Probabilistic spatial clustering based on the Self Discipline Learning (SDL) model of autonomous learning
Zecang Gu, Xiaoqi Sun, Yuan Sun, Fuquan Zhang

TL;DR
This paper introduces a probabilistic spatial clustering algorithm based on the Self Discipline Learning model, which effectively handles high-dimensional data without predefining cluster numbers, achieving high accuracy and recall.
Contribution
The paper proposes a novel clustering algorithm that leverages the SDL model and Gaussian probability distribution to improve clustering performance on high-dimensional data.
Findings
Accuracy rate of 99.03% on traffic light dataset
Recall rate of 91% on traffic light dataset
Effective in reducing local optima issues in deep learning clustering
Abstract
Unsupervised clustering algorithm can effectively reduce the dimension of high-dimensional unlabeled data, thus reducing the time and space complexity of data processing.

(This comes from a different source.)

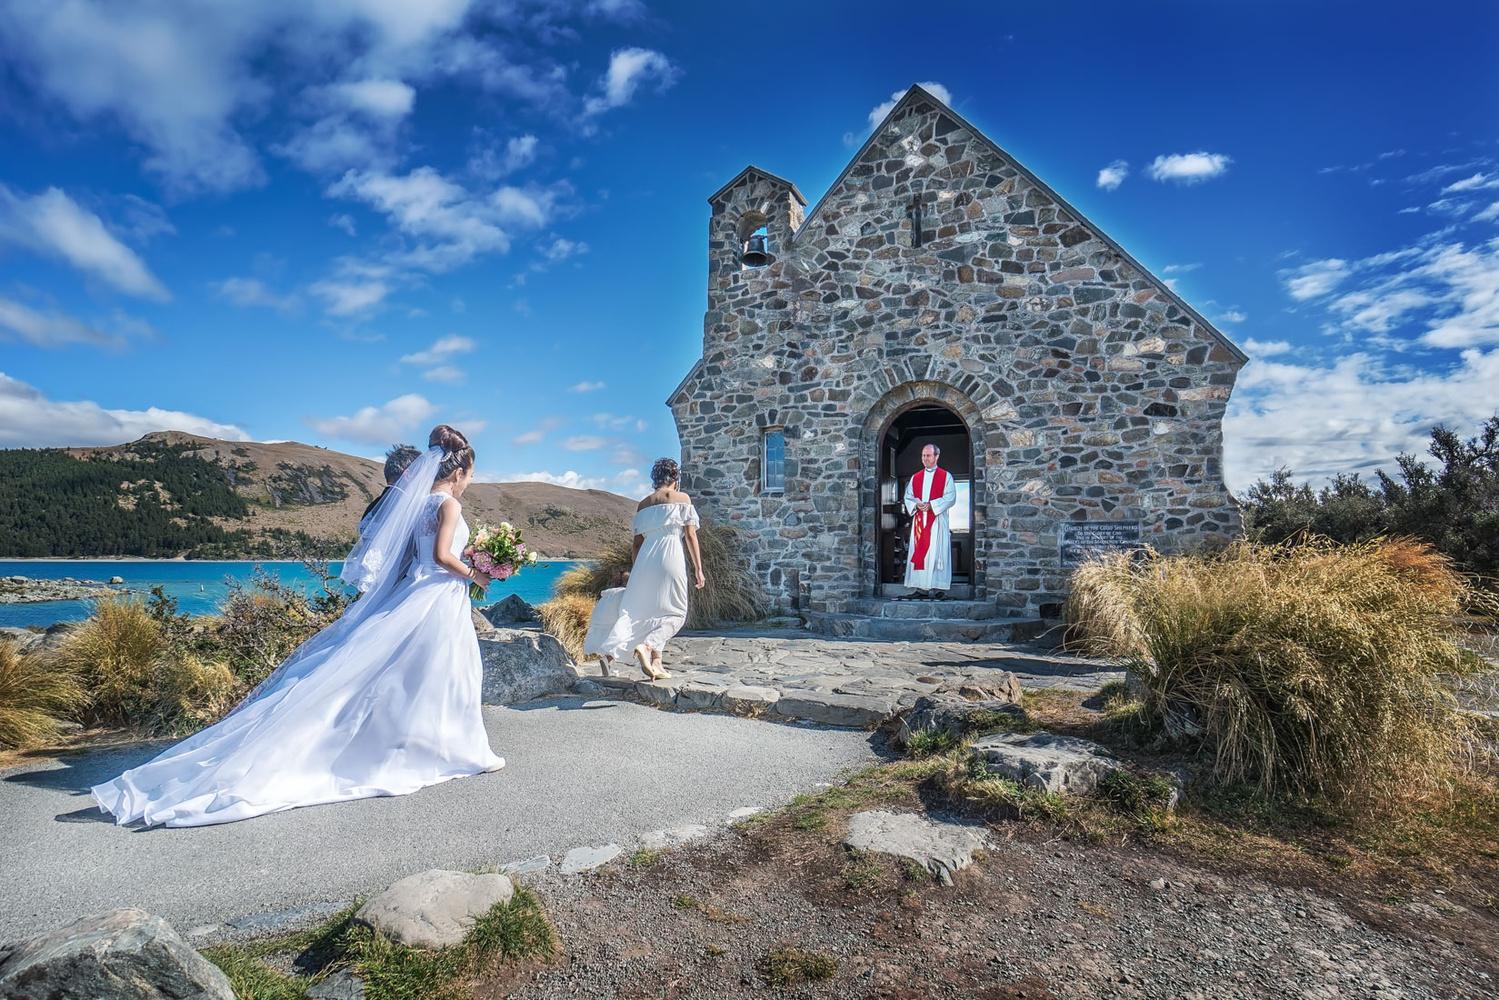 Church of the Good Shepherd Wedding by Keir Briscoe

However, the traditional clustering algorithm needs to set the upper bound of the number of categories in advance, and the deep learning clustering algorithm will fall into the problem of local optimum. In order to solve these problems, a probabilistic spatial clustering algorithm based on the Self Discipline Learning(SDL) model is proposed. The algorithm is based on the Gaussian probability distribution of the probability space distance between vectors, and uses the probability scale and maximum probability value of the probability space distance as the distance measurement judgment, and then determines the category of each sample according to the distribution characteristics of the data set itself. The algorithm is…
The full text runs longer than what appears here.